Production volume in 2020 and 2021 was, and is, expected to fall about 500,000 units short of levels the supply base needs to break even, suggesting back-to-back years of net losses for suppliers. 2022 production volumes are expected to return to profitable territory but face risks stemming from the semiconductor shortage.
Terms of commercial loans and credit lines are expected to continue to tighten over the coming year. While confidence in capital acquisition remains at strong levels, suppliers are less confident they will be able to access their needed capital in comparison to 2020.
Thirty-eight percent of suppliers believe they are ahead of the industry’s pace of innovation while 28% feel they are behind.

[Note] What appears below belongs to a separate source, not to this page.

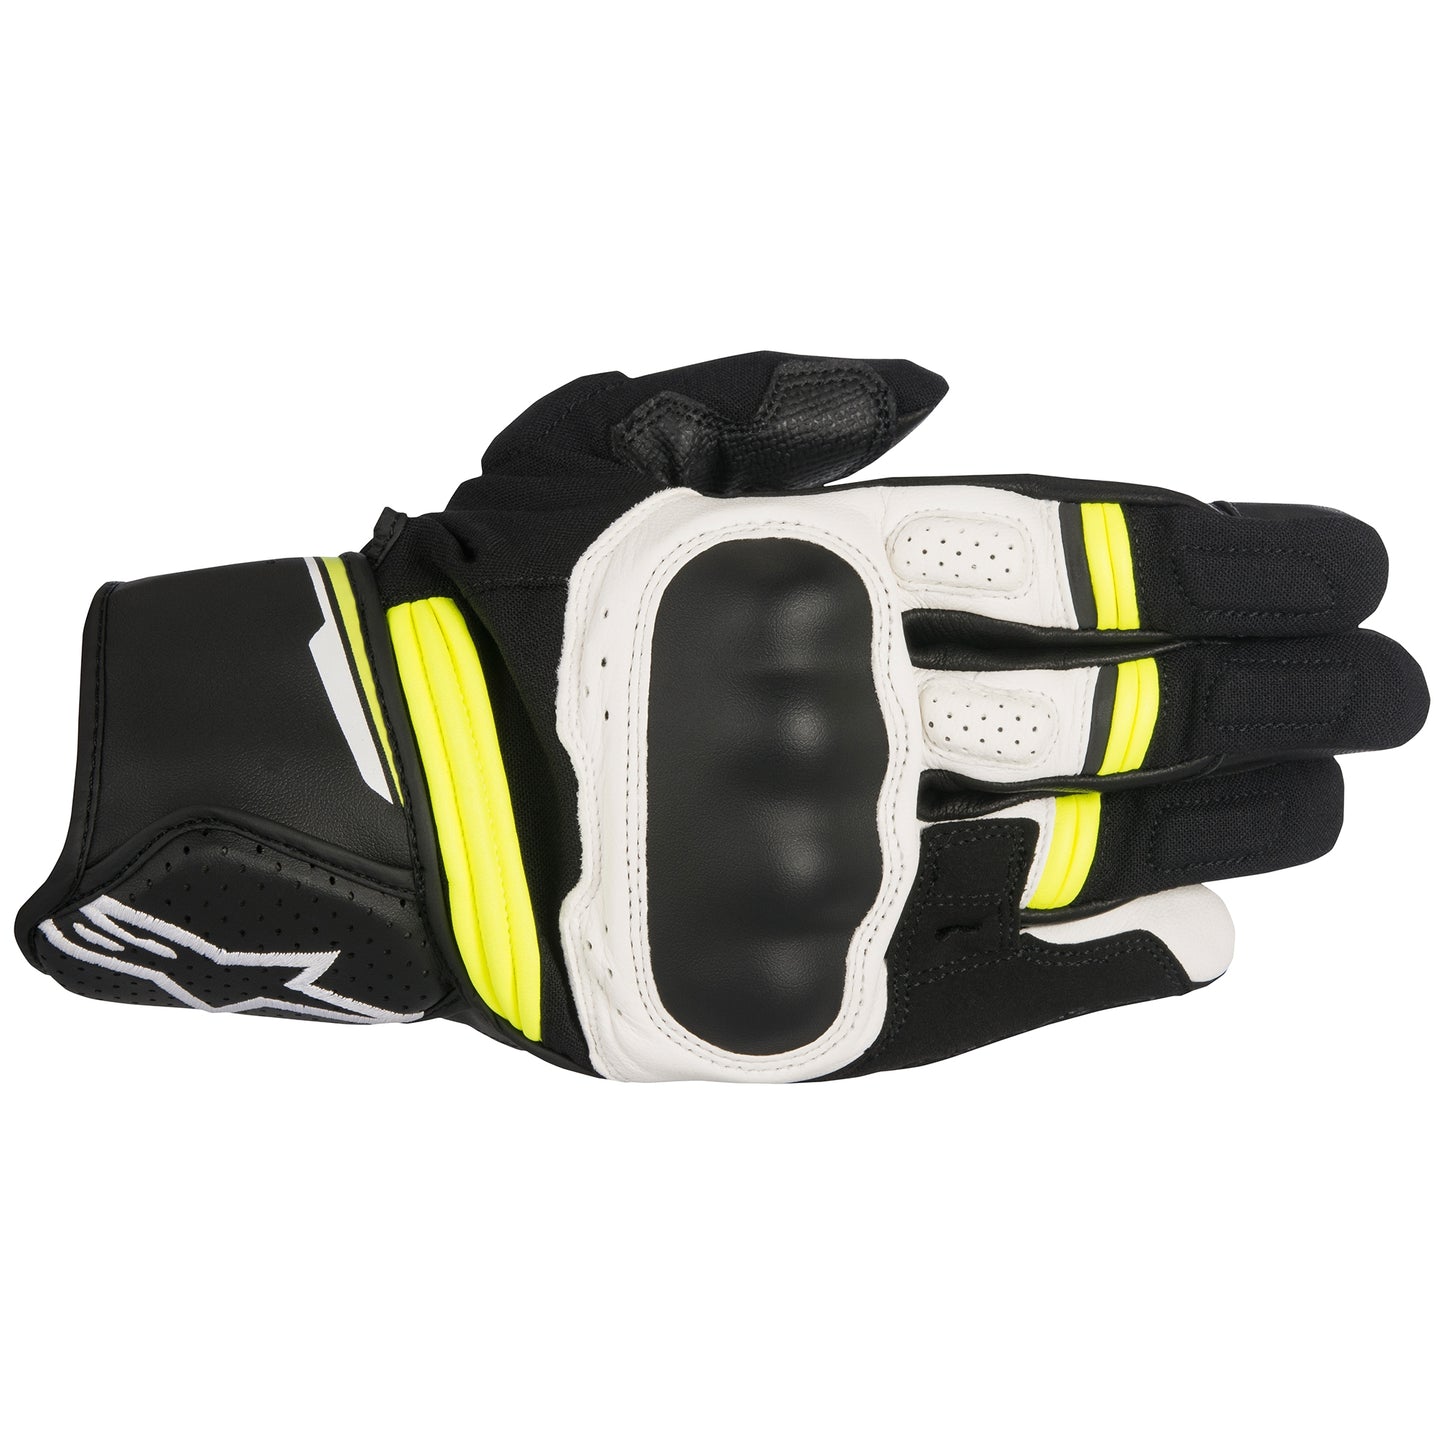 Alpinestars Booster Gloves - Black/White/Yellow

Focusing on partnerships, technological R&D, diversification and developing products and solutions that support the electric-vehicle market are common practices by firms that consider themselves the most innovative.
“Leading firms continue to navigate pervasive supply-chain constraints with a focus on teams and technology to improve visibility and manage through the current crises to lift competitiveness and build a stronger position in the market recovery,” says Mike Jackson, executive director-strategy and research, OESA.
“Despite year-over-year profit pressures, suppliers continue to display remarkable tenacity by disrupting past practices to uncover new solutions and address opportunities across the mobility landscape – through a renewed focus on software competency and a vital commitment to harnessing innovation,” he says.